Are Your Children Prepared Mentally, Physically & Emotionally ?
This year is completely different from previous years for kids returning to school. Due to the pandemic and cautionary measures set out by the government, our kids are in for a tremendous change. What was once a safe and relaxed environment has quickly taken a turn from the scare of COVID19. The soon realization of the need of social distancing in schools will quickly send students into a social shock. Well, at least for the children that have opted out of learning online from the comfort of their home.
For the safety of the students and their families that they will be returning to everyday, the school board has implemented some safety measures that will reduce the chances for contact or transmission of the corona virus. But before the school year can begin the following must be adhered to.

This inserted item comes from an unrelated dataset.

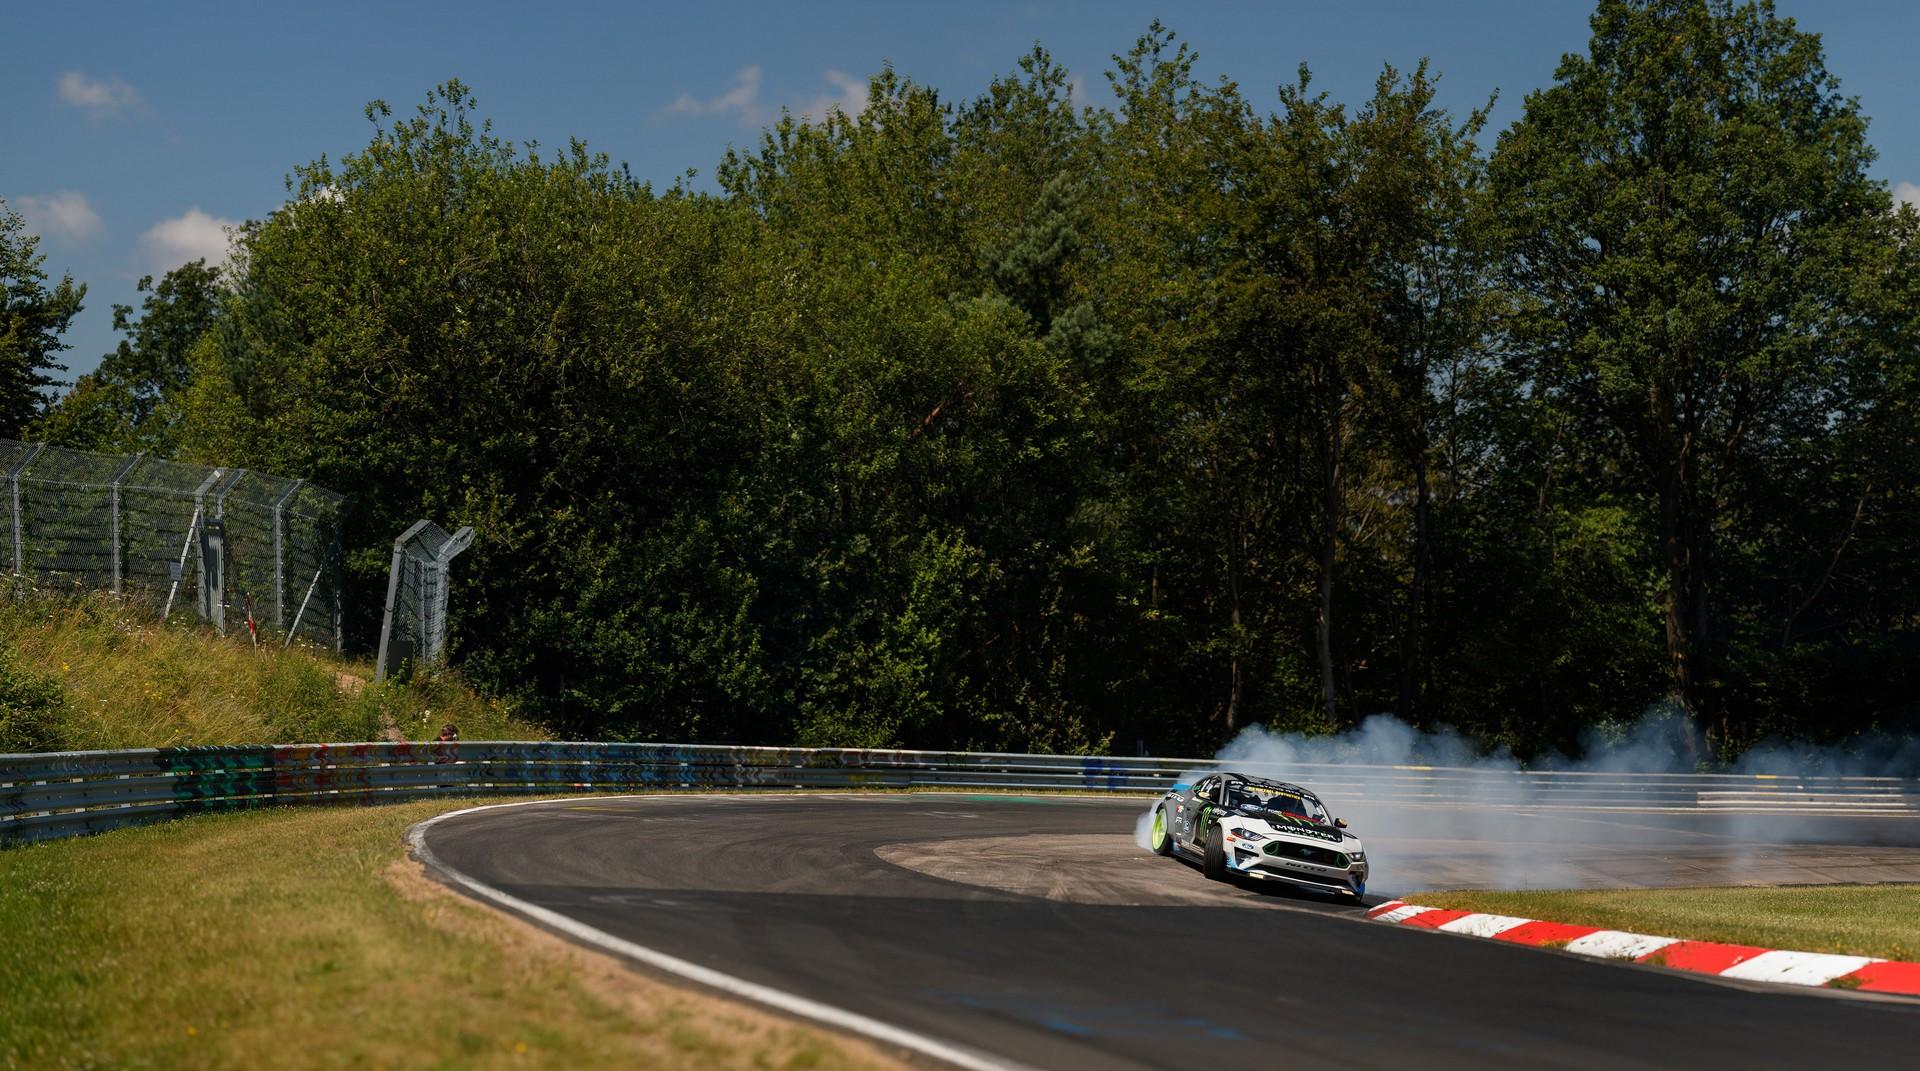 Ford_Mustang_RTR_Nurburgring_0002

School staff should be provided with a full day of training on the health and safety protocols and required adaptations before the school year begins. This training will be provided to all staff including supply/occasional teachers and casual workers, which the government has invested $10 million to provide.

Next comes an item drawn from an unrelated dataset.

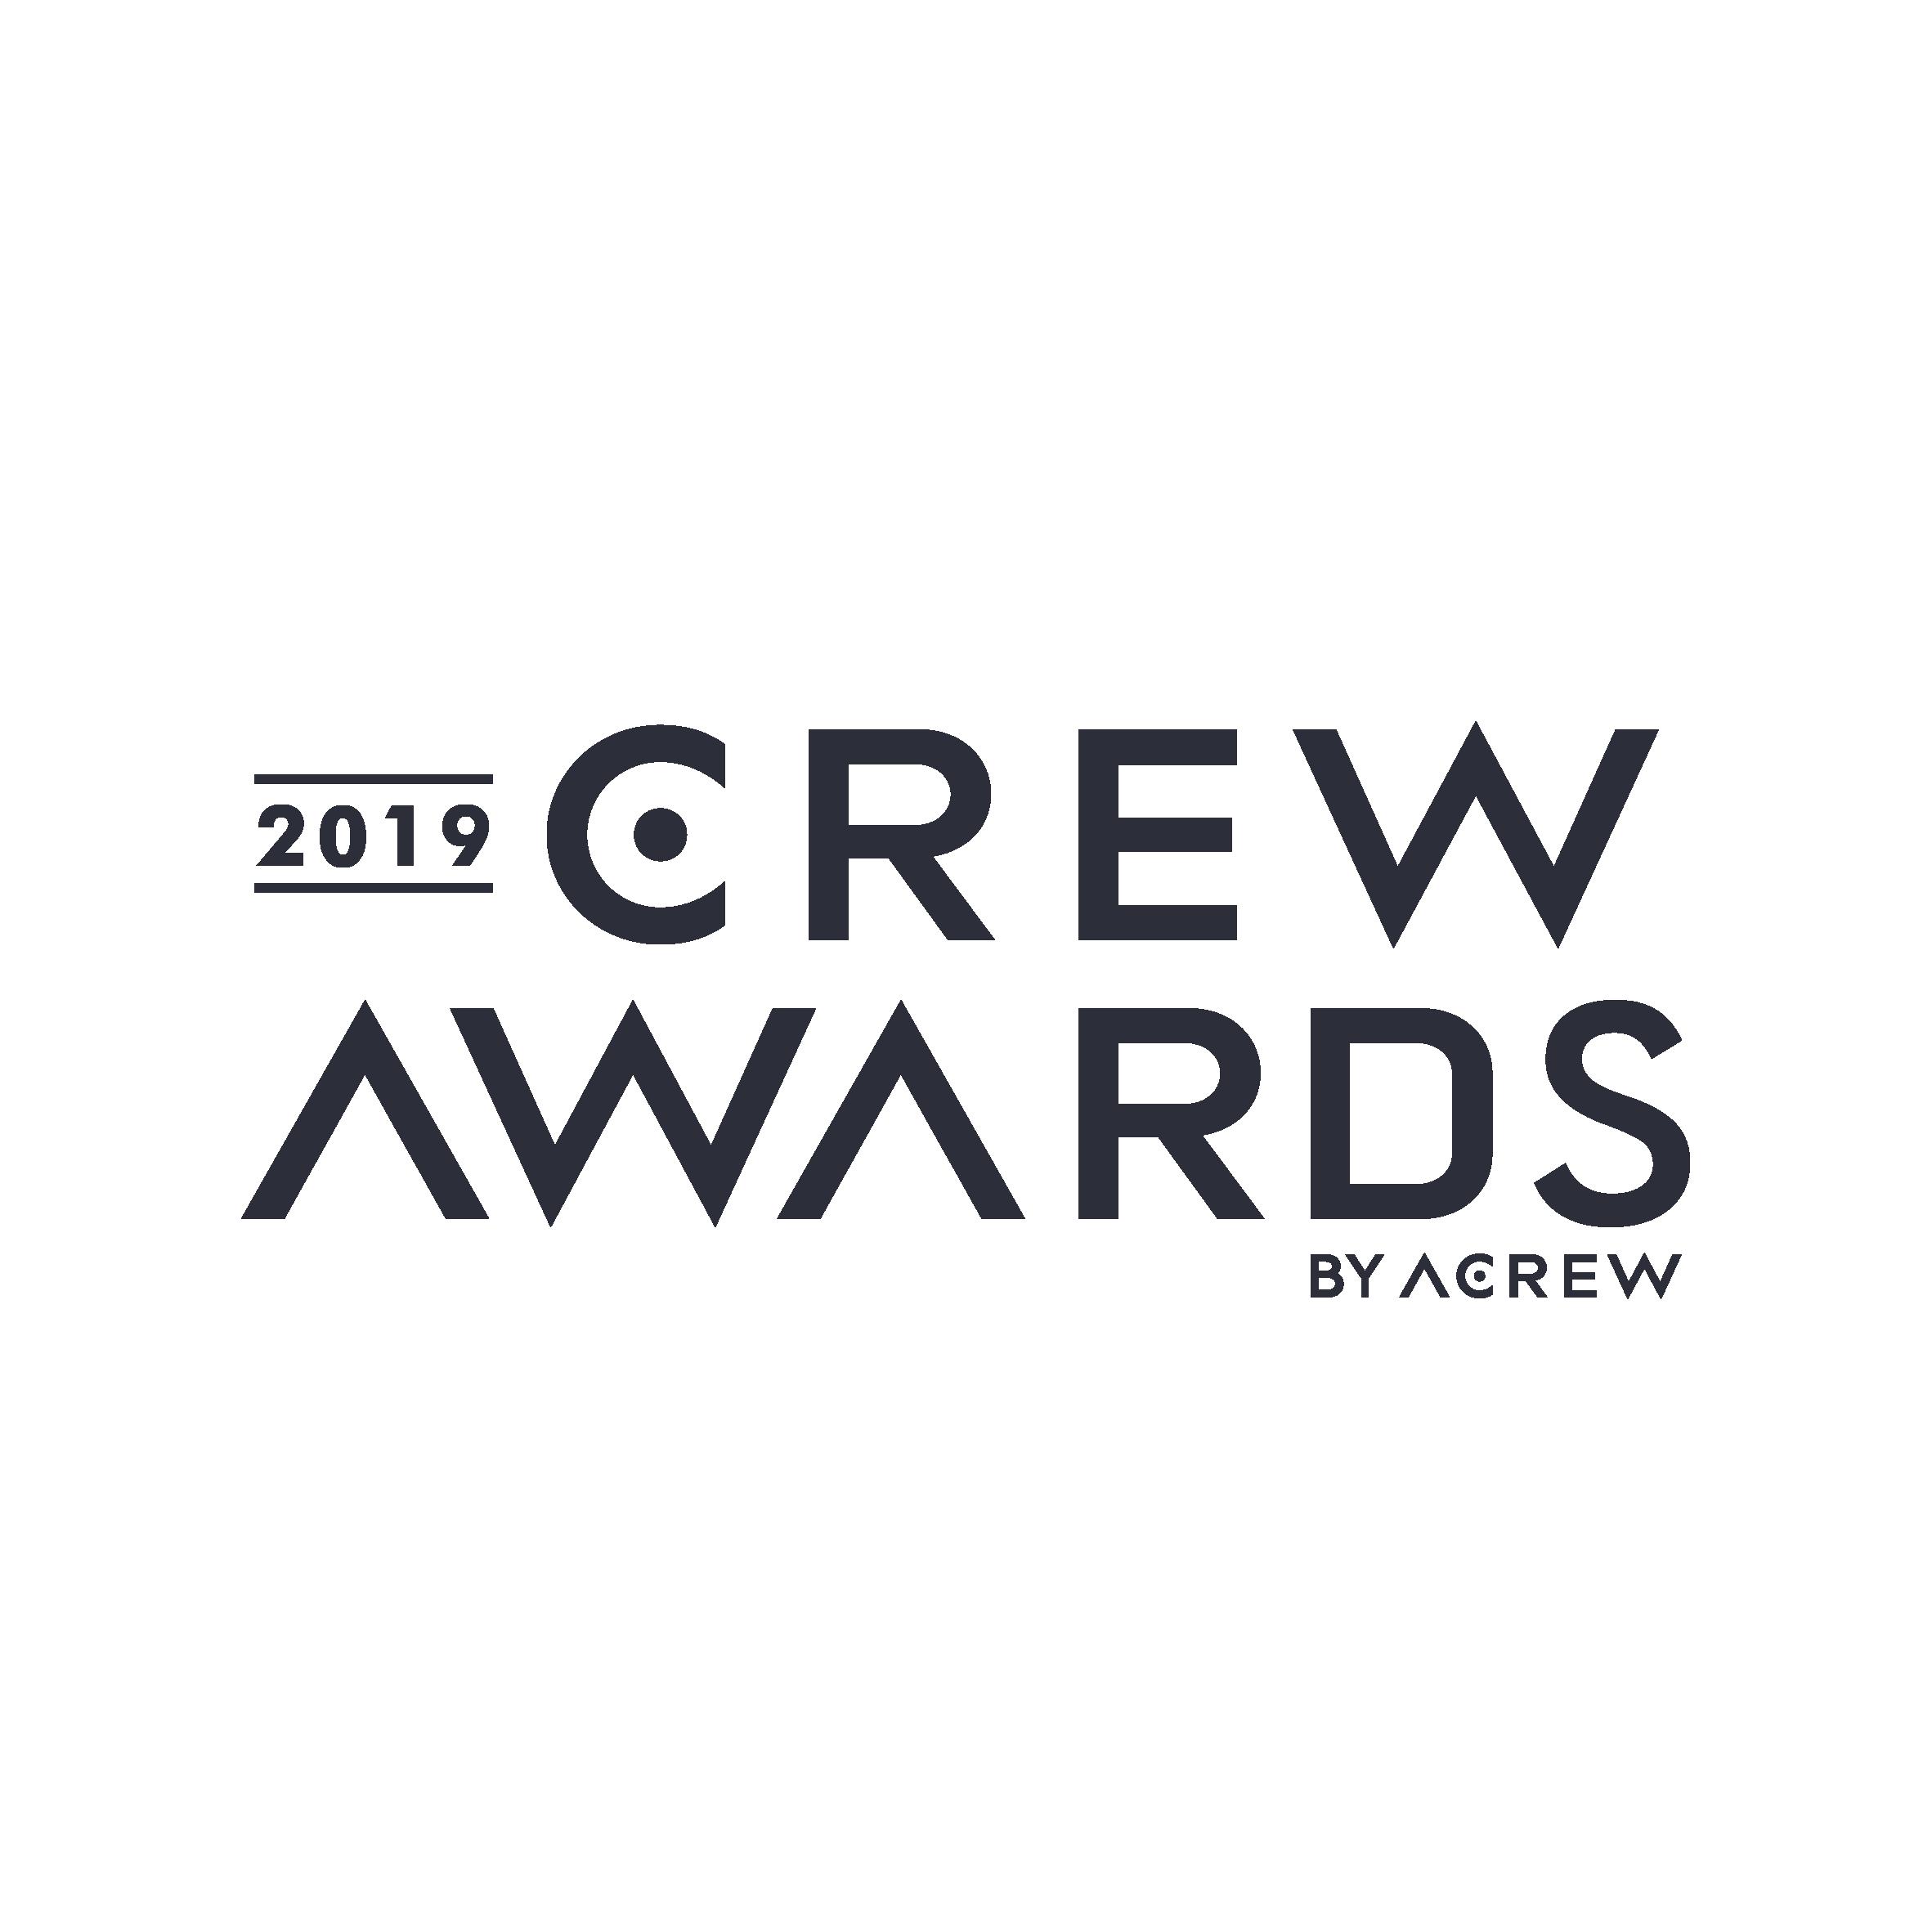 crew awards 2019 banner

Joint Health and Safety Committees
Joint Health and Safety Committees are required to be established, engaged and meeting regularly to inform the reopening plan and ongoing operations.
Adapted school environment
Schools should develop school arrival and departure procedures that support physical
distancing where possible. Approaches may include:
● staggered bell times
● maximizing the use of all possible entrances/exits to support the beginning and end of the school days
Hand sanitizer should be available in school entrances and exits and in classrooms.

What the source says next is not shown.